Other services, such as TEMIS and CAMS, already provide UV Index estimates, at least on a European scale. The authors should clarify the advantages offered by UVIOS2, such as improvements in spatial and temporal resolution.

Spectral validation: Have the authors attempted to compare the spectral output of UVIOS2 with spectra measured by QASUME-II? This could provide additional insights into the influence of various factors.

TECHNICAL REMARKS
- Lines 20–21: "The UVIOS2... depending on the inputs" is too general and can be removed.

- Lines 76–84: The distinction between nowcasting and forecasting is unclear.

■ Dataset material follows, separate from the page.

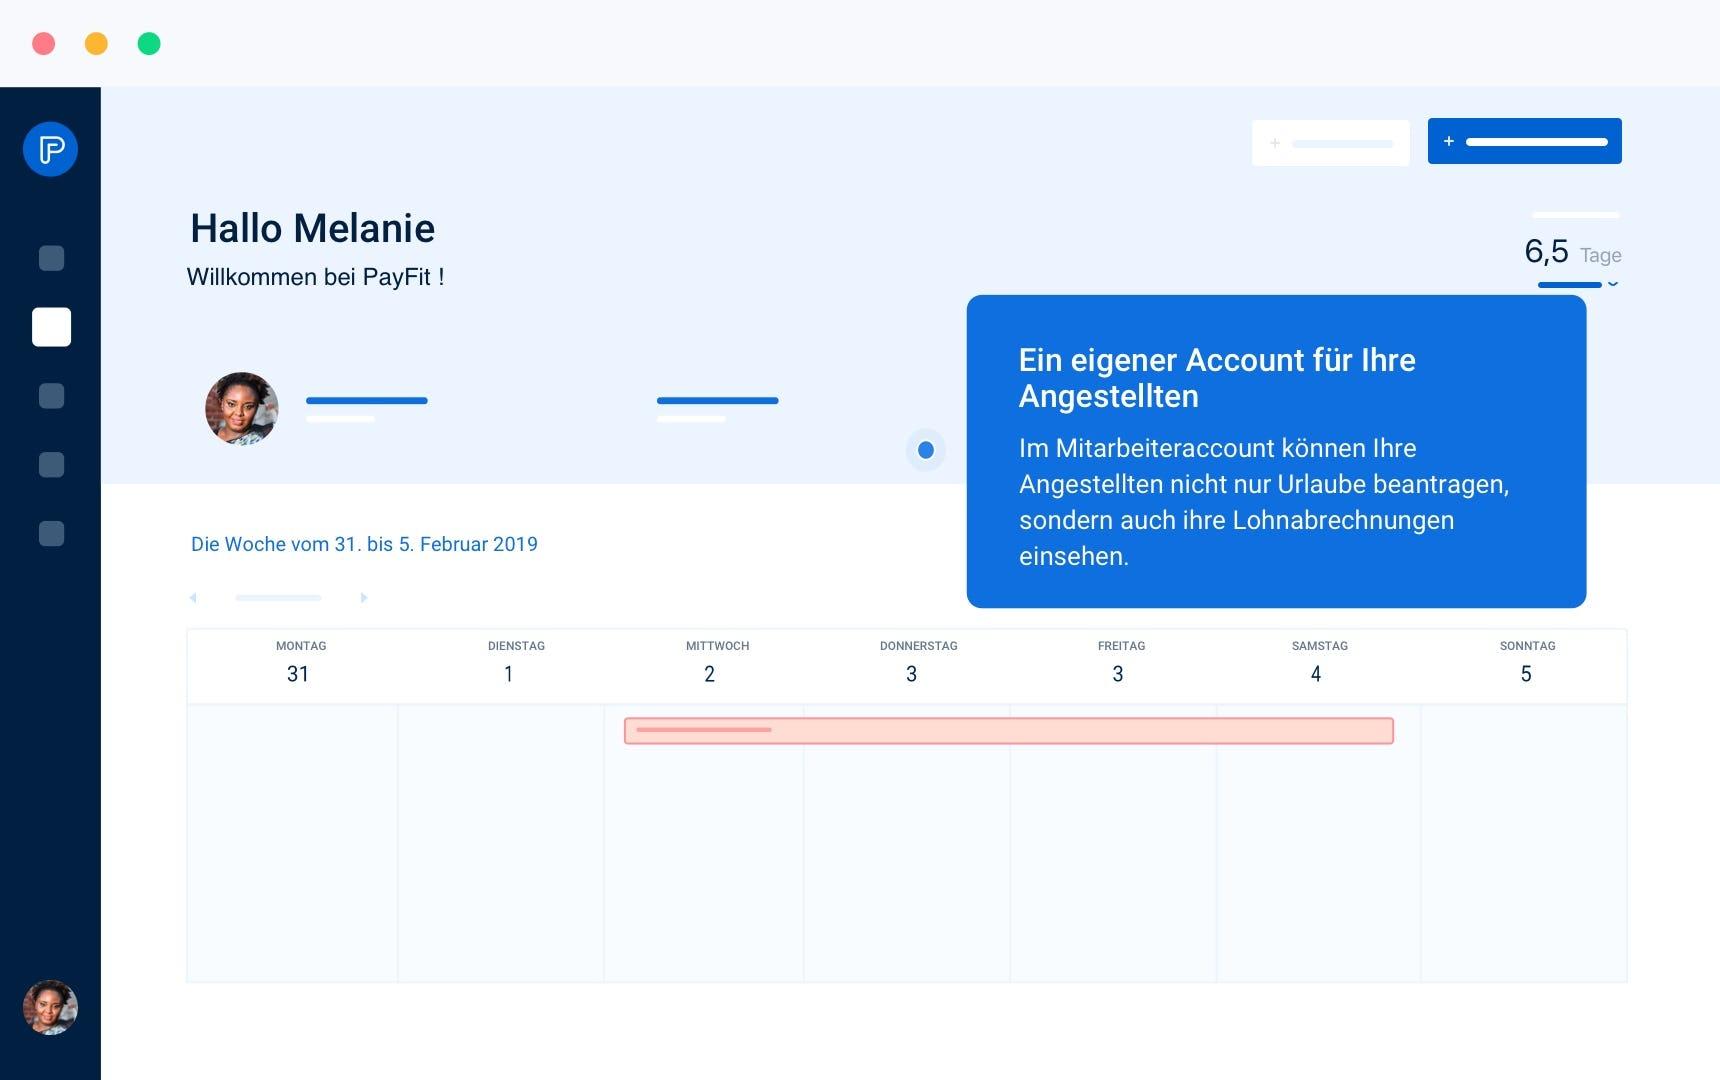 Mitarbeiter-Account

If all inputs are forecasted (as suggested in lines 76–77), what differentiates nowcasting from forecasting?

- Line 118: "system that its basic features" → Incorrect grammar; rephrase.

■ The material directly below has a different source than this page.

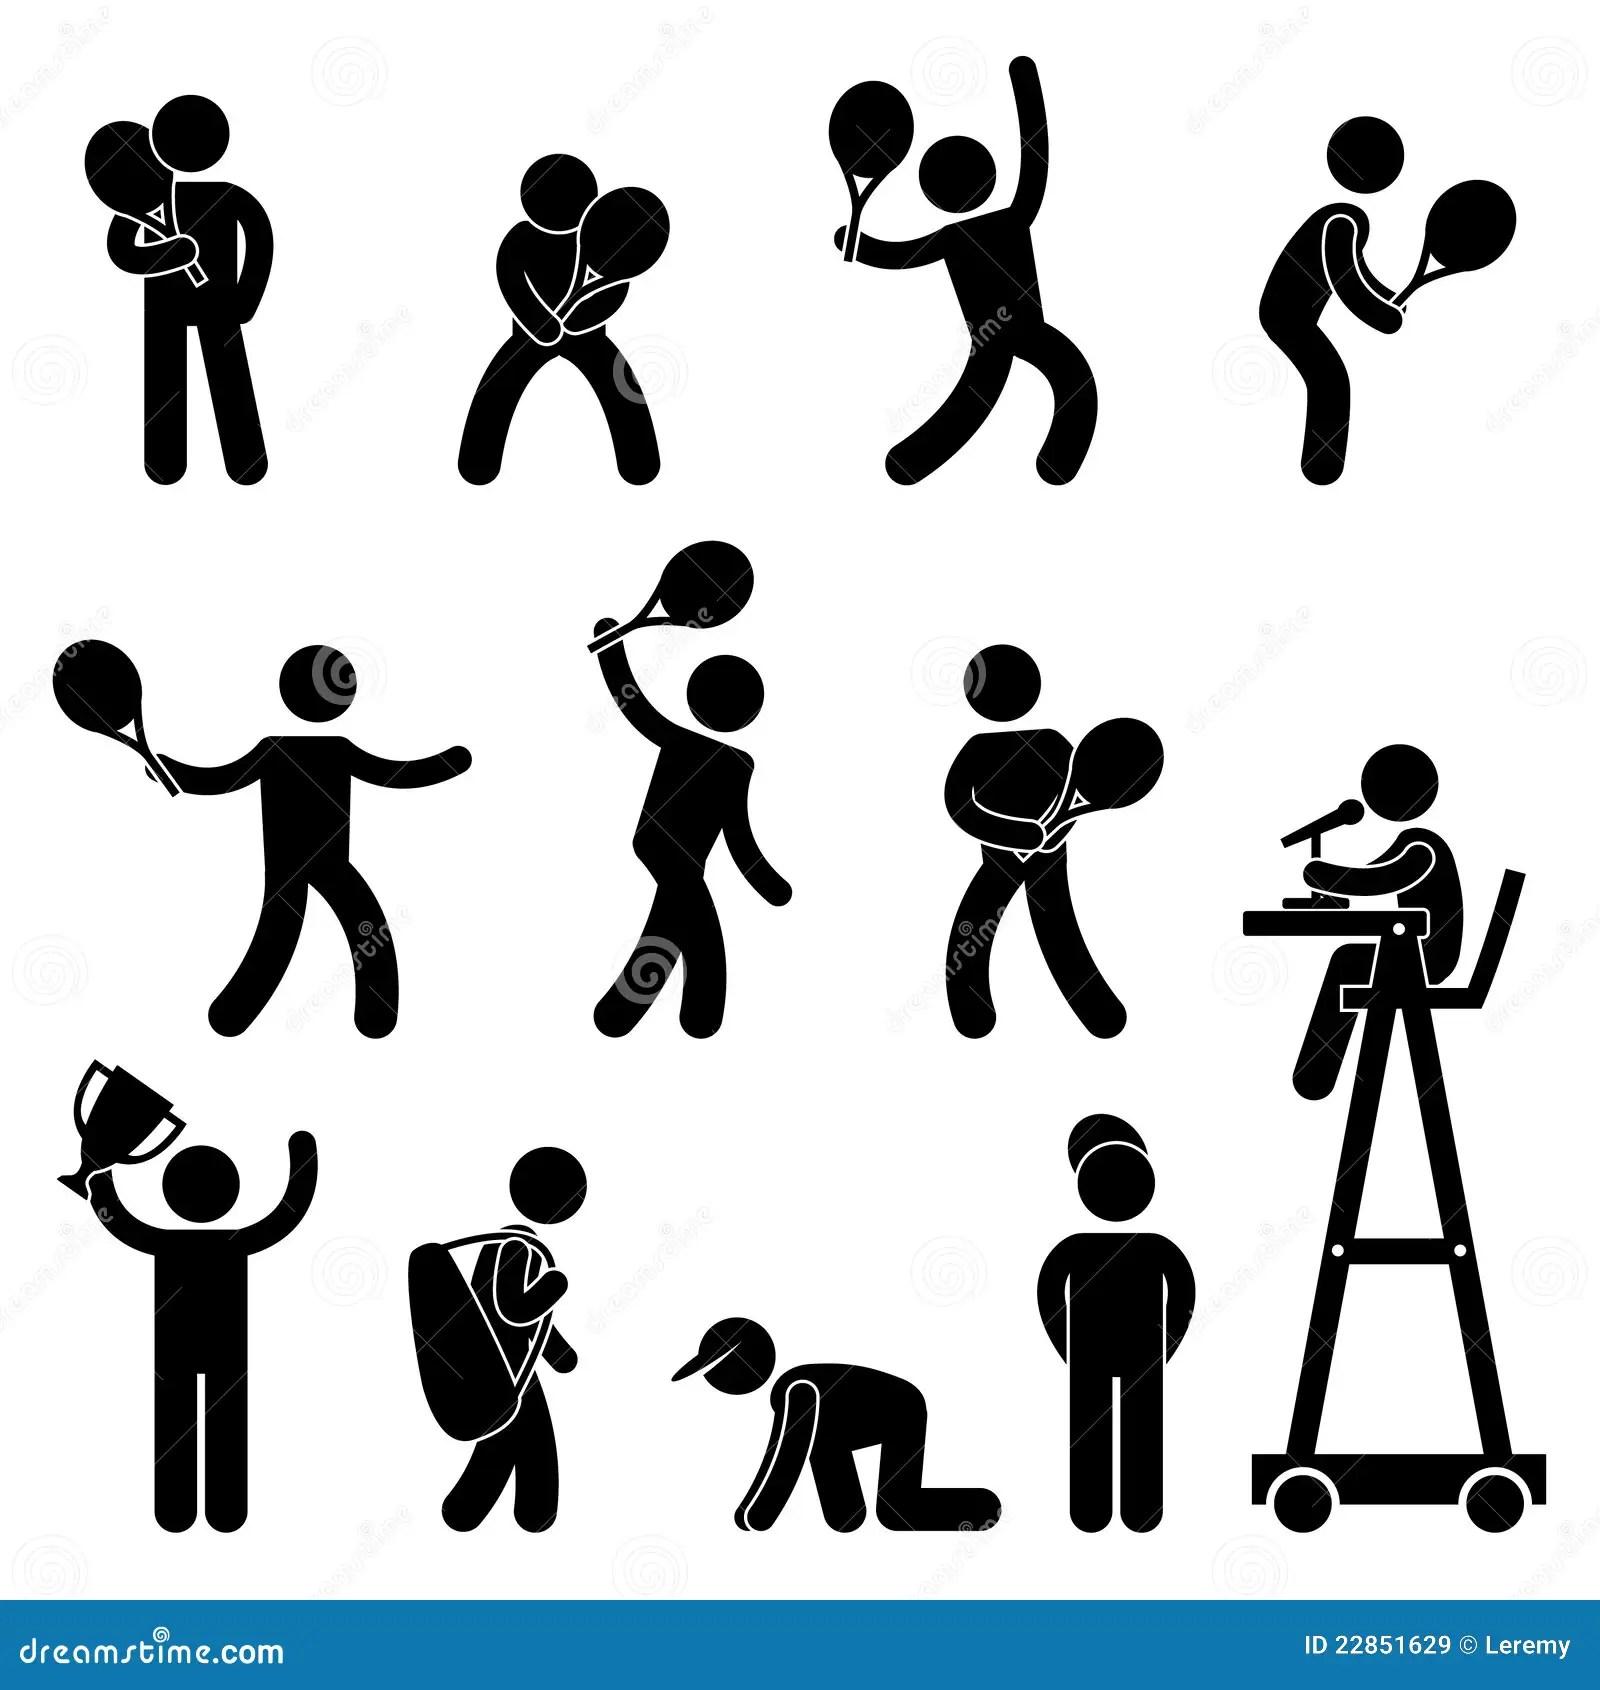 Tennis Player Umpire Pictogram Icon Pictogram Stock Vector

- Line 134: Remove the typo "as Heading 2."

- Lines 136–139: The stated considerations apply to all radiative transfer models, not specifically to UVIOS2. The description of UVIOS2 should begin with details that are unique to this system.

- Figure 1: What does "% altitude" represent on the colour scale?

- Section 2.2 (QASUME-II vs QASUME): The uncertainty of QASUME is discussed in Sect. 2.2, but QASUME-II is used in the study. Why was QASUME not used, and why is the uncertainty of QASUME-II not discussed?

- Table 2: A similar table for all-sky UV determination might be useful, with different headings.

- Figure 2: The y-axis label should clarify that the ratio represents simulated vs measured values. In addition, would plotting the ratio against solar zenith angle provide useful insights?
- Figure 3: "ratio BG" should be replaced with "UVIOS2 / QASUME" or a similar term to clearly define the ratio. Also, why are the plots not ordered by increasing SSA?

- Lines 330–331: If the aerosol is primarily secondary, could hygroscopicity have influenced the correlation between AOD and SSA?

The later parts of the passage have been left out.